Publication:
Bone, Christopher, and Michael Nelson. “Improving Mountain Pine Beetle Survival Predictions Using Multi-Year Temperatures Across the Western USA.” Forests 10 (October 3, 2019): 866. https://doi.org/10.3390/f10100866.
Background
Mountain pine beetle (MPB) overwinter survival is often limited by low temperatures. Overwintering larvae are killed at -40°C, but they can also be killed in warmer conditions if there is a sudden drop in temperature. Winter low temperatures are often used to predict overwinter survival of MPB, but given the complex relationship between insect physiology and temperature, a single temperature measurement may not provide sufficient information to make good predictions.
For this study, we reimplemented the overwintering physiological model of Jacques Régnière and Brbara Bentz in Java for use with the DAYMET large-extent daily temperature data sets to predice MPB overwintering survival. We had two main goals in this study:
- 1: to examine spatial patterns of overwintering survival.
- 2: to improve the accuracy of MPB survival predictions by using overwintering survival from multiple years (instead of just the preceding year).
This project was an opportunity to build my Java skills and to work with large-scale temperature datasets.
The Data and Model
DAYMET provides daily minimum and maximum temperature over a 1km * 1km grid over continental North America. As such, it is a very large data product, and we used custom scripts to download the applicable datasets.
To characterize the spatial distribution of winter temperatures, we created a map of the mean winter minimum temperature from 1980 to 2016. To capture the amount of interannual variation in minimum winter temperatures, we also create a map showing the standard deviation of winter minimums.
Figure 1: This map shows the mean minimum annual temperature (first panel) as well as the variability in minimum temperatures (second panel) over western North America from 1980 - 2016). The right panel shows the cumulative pine trees killed by MPB over the same period.

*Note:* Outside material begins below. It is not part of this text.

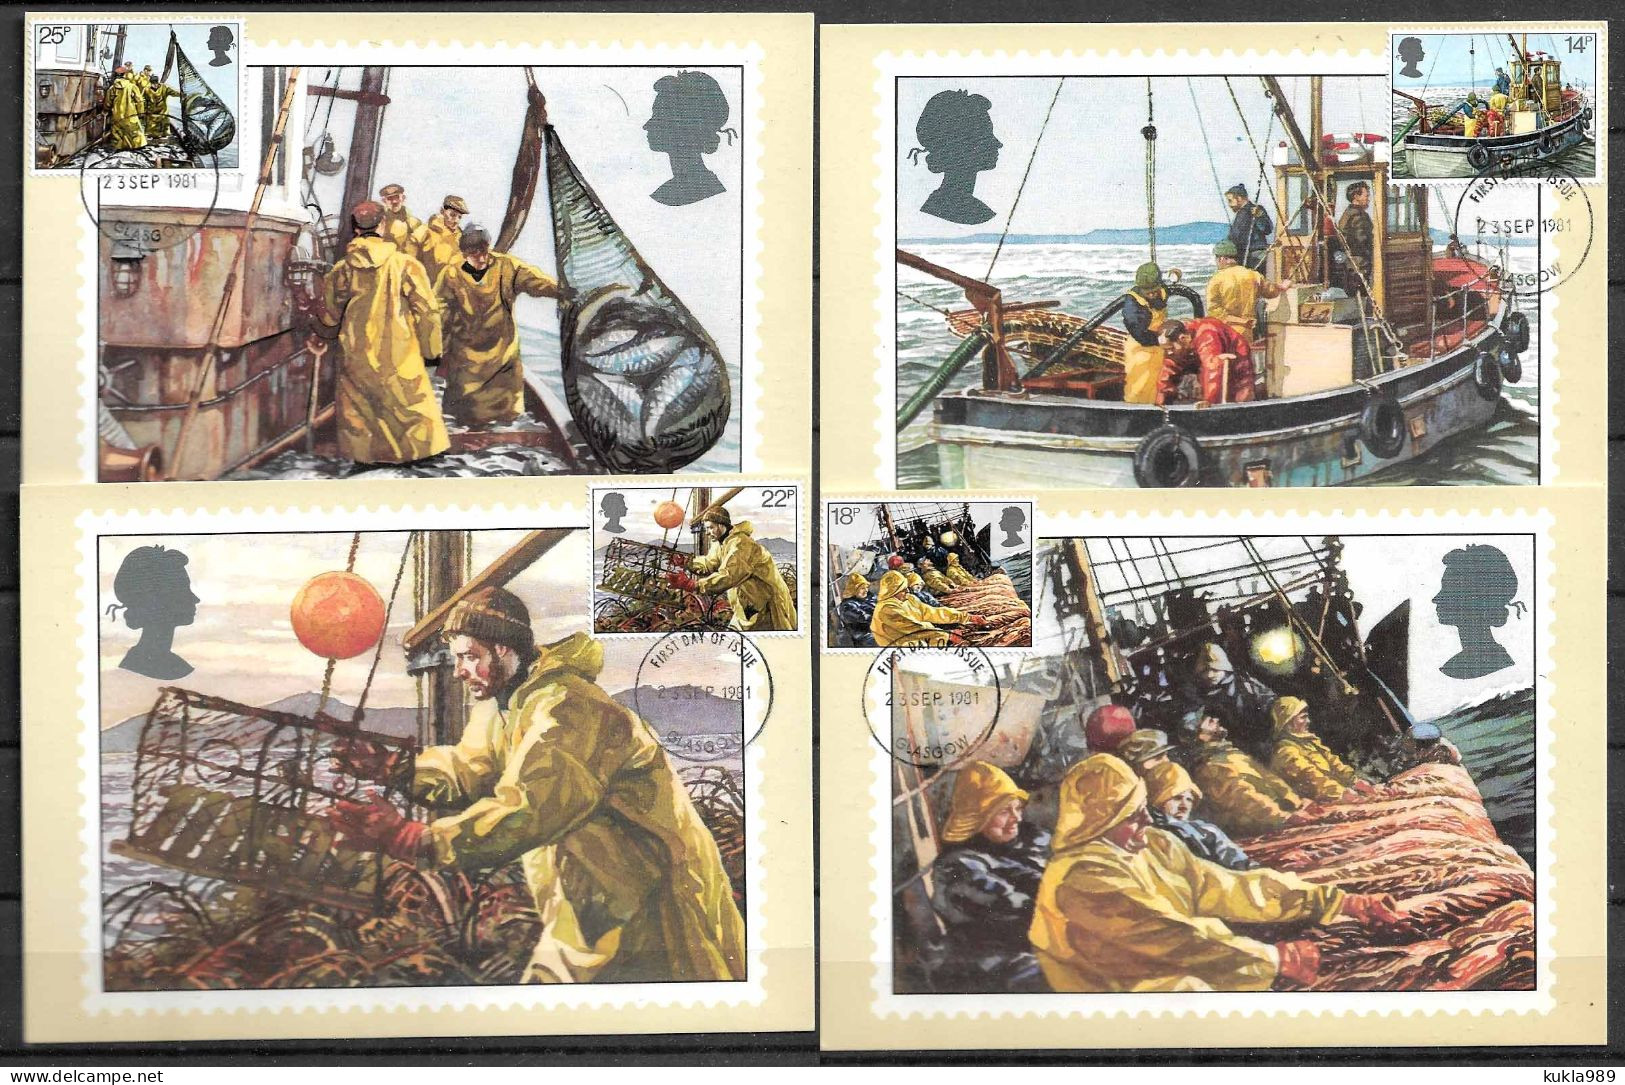 GB STAMPS. 1981 SET OF 4 MAXIMUM CARDS MC  FISHING, UNUSED - Carte Massime

We implemented the Régnière and Bentz model in Java for use with DAYMET data. To validate the model, we compared our implementation’s output to the survival estimates in the original paper at the set of weather stations that they reported in their paper.
In order to test how well the model survival predictions approximated reality, we used a spatial dataset of tree mortality from Meddens and Hicke (2014). We could then use beetle overwinter survival percentage as a predictor for pine tree mortality.
Main Findings
We found that single-year model output did a poor job of predicting pine mortality in the following growing season. As we used mean modeled survival rates over longer numbers of previous years, the predictions improved:
Figure 4: You can see that the relationship between modeled MPB overwinter survival becomes much clearer when more years are considered. The points follow a very defined curve when at least 8 years of previous survival were used.
Conclusions
Multi-year modeled survival rates were much better predictors of subsequent pine mortality than simple winter minimum temperatures in the previous year.